**What is expected:** Exercise in exact copying: restate word for word only the lines below from the one containing "TALLA M. Capitán" through the one containing "动态方法决议流程图.jpg", omitting any pictures.

**Entries supplied:**
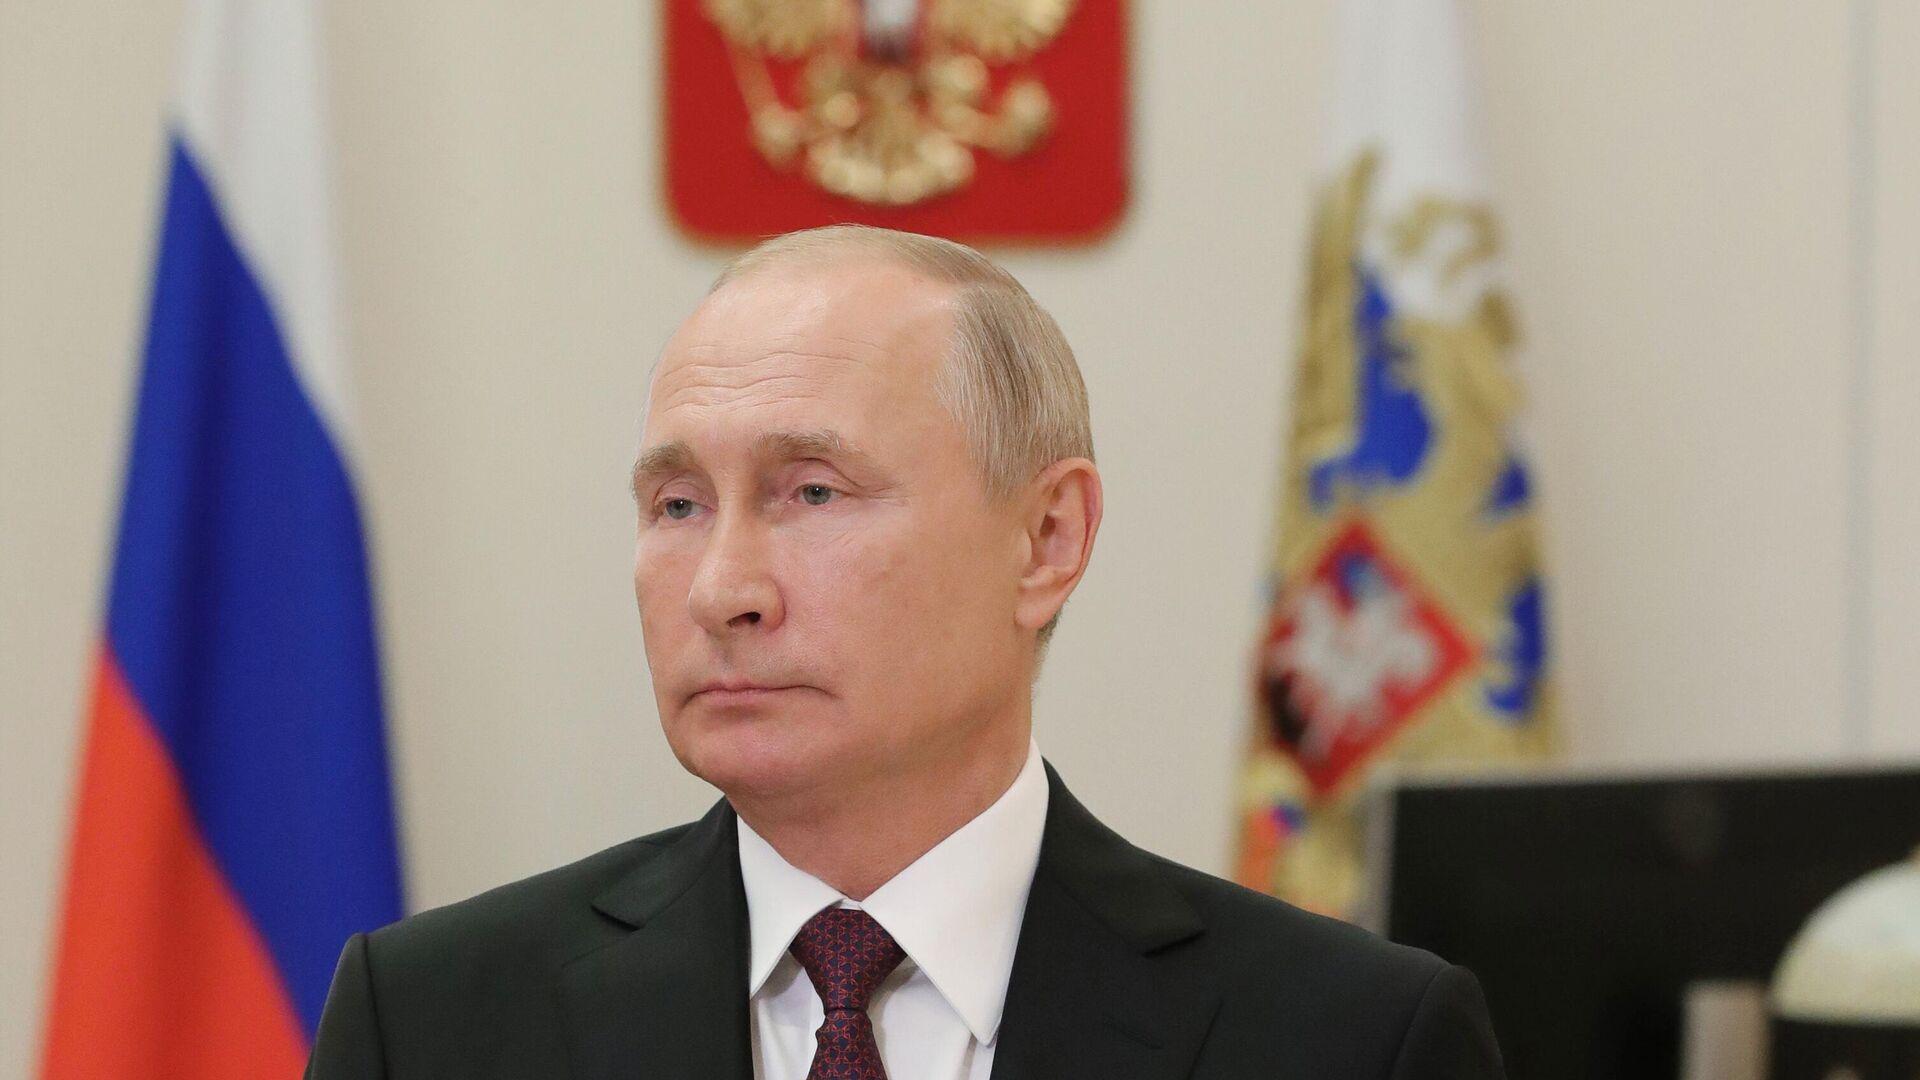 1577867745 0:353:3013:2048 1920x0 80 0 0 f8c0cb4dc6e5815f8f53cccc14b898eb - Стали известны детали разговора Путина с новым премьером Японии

==

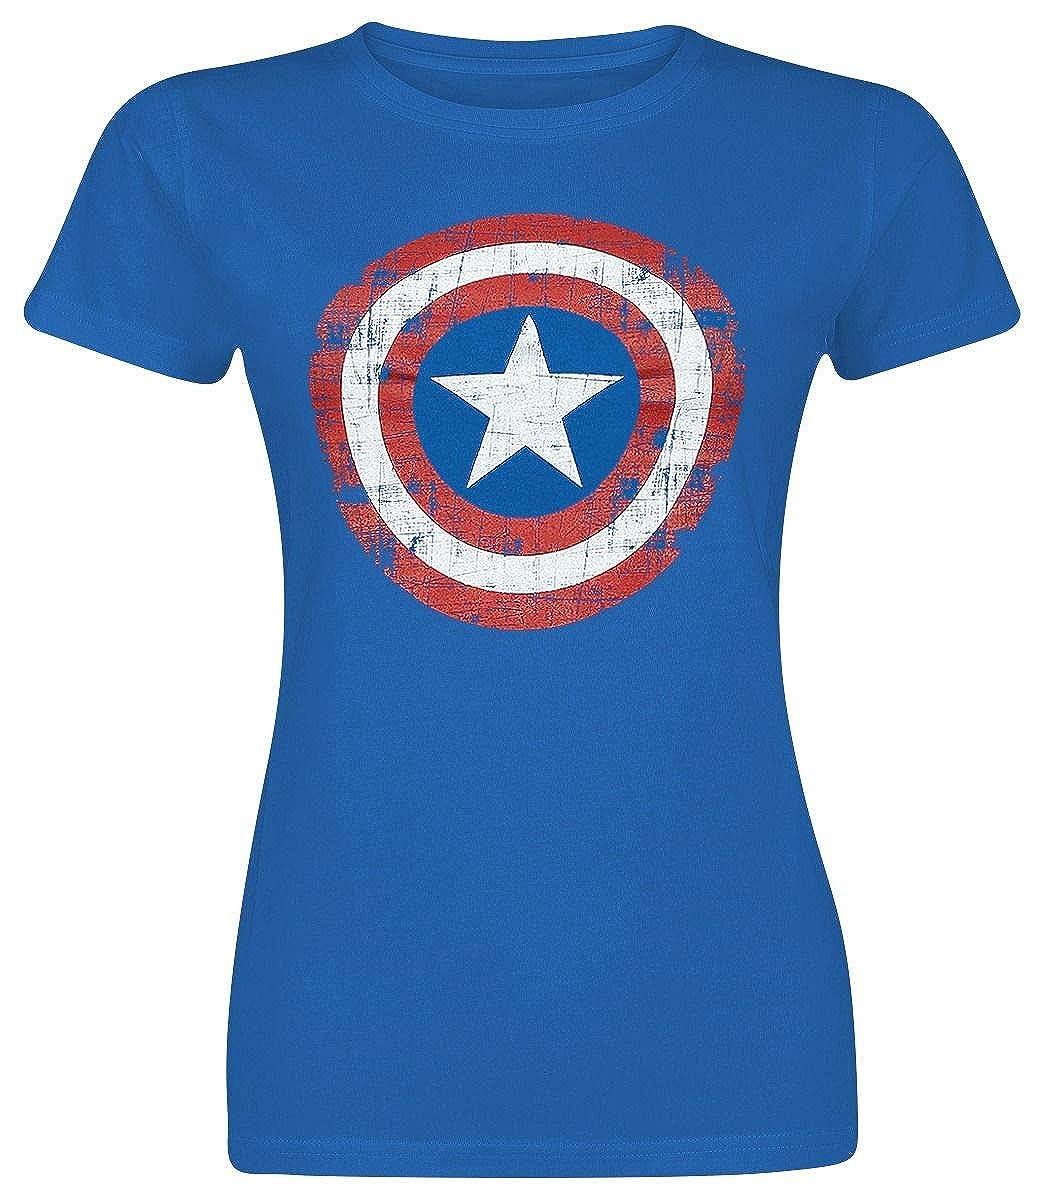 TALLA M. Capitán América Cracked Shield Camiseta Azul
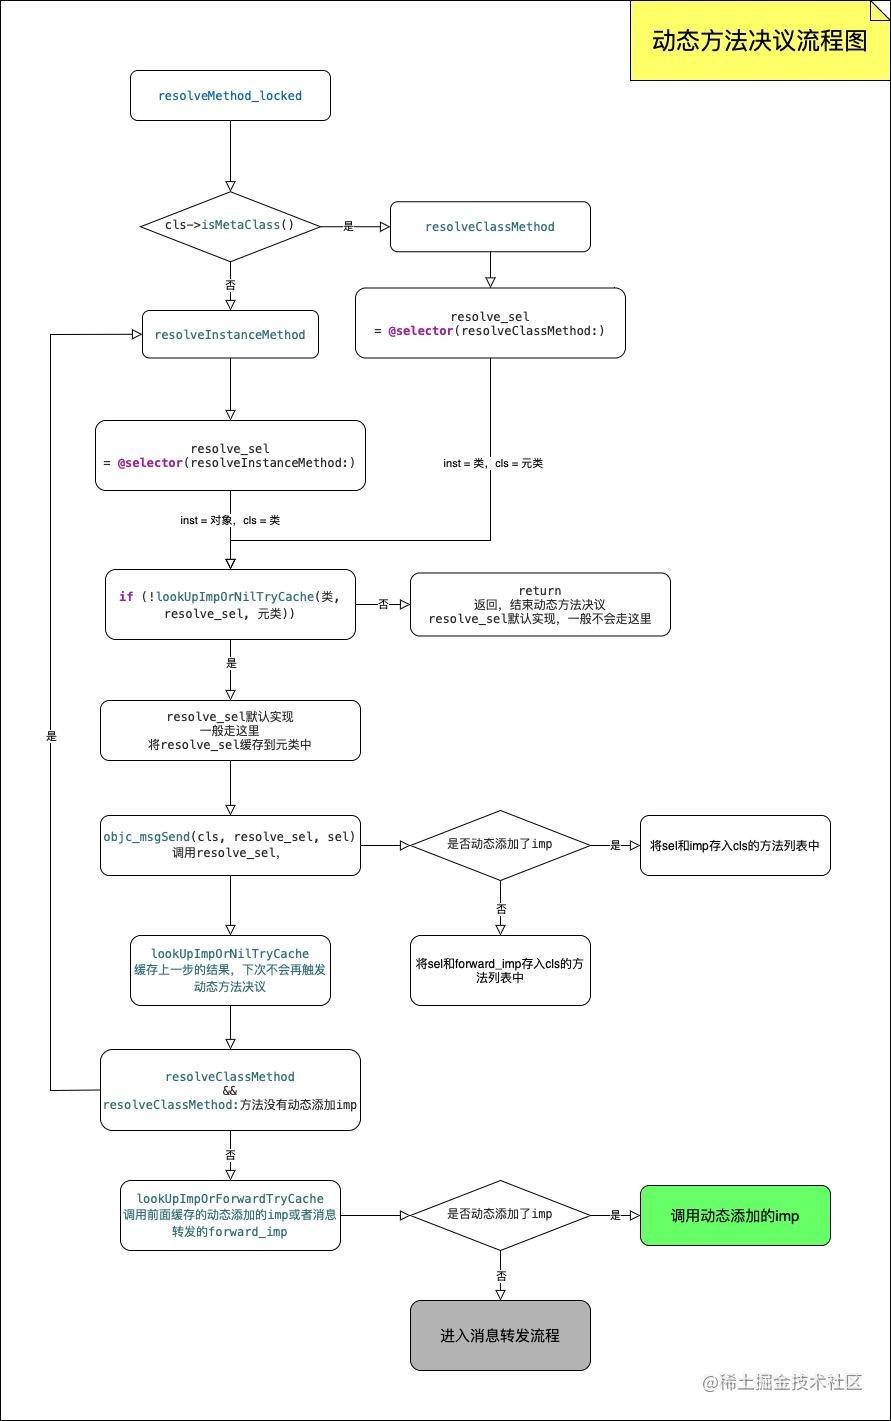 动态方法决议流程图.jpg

**Solution to this problem:**
 TALLA M. Capitán América Cracked Shield Camiseta Azul
 动态方法决议流程图.jpg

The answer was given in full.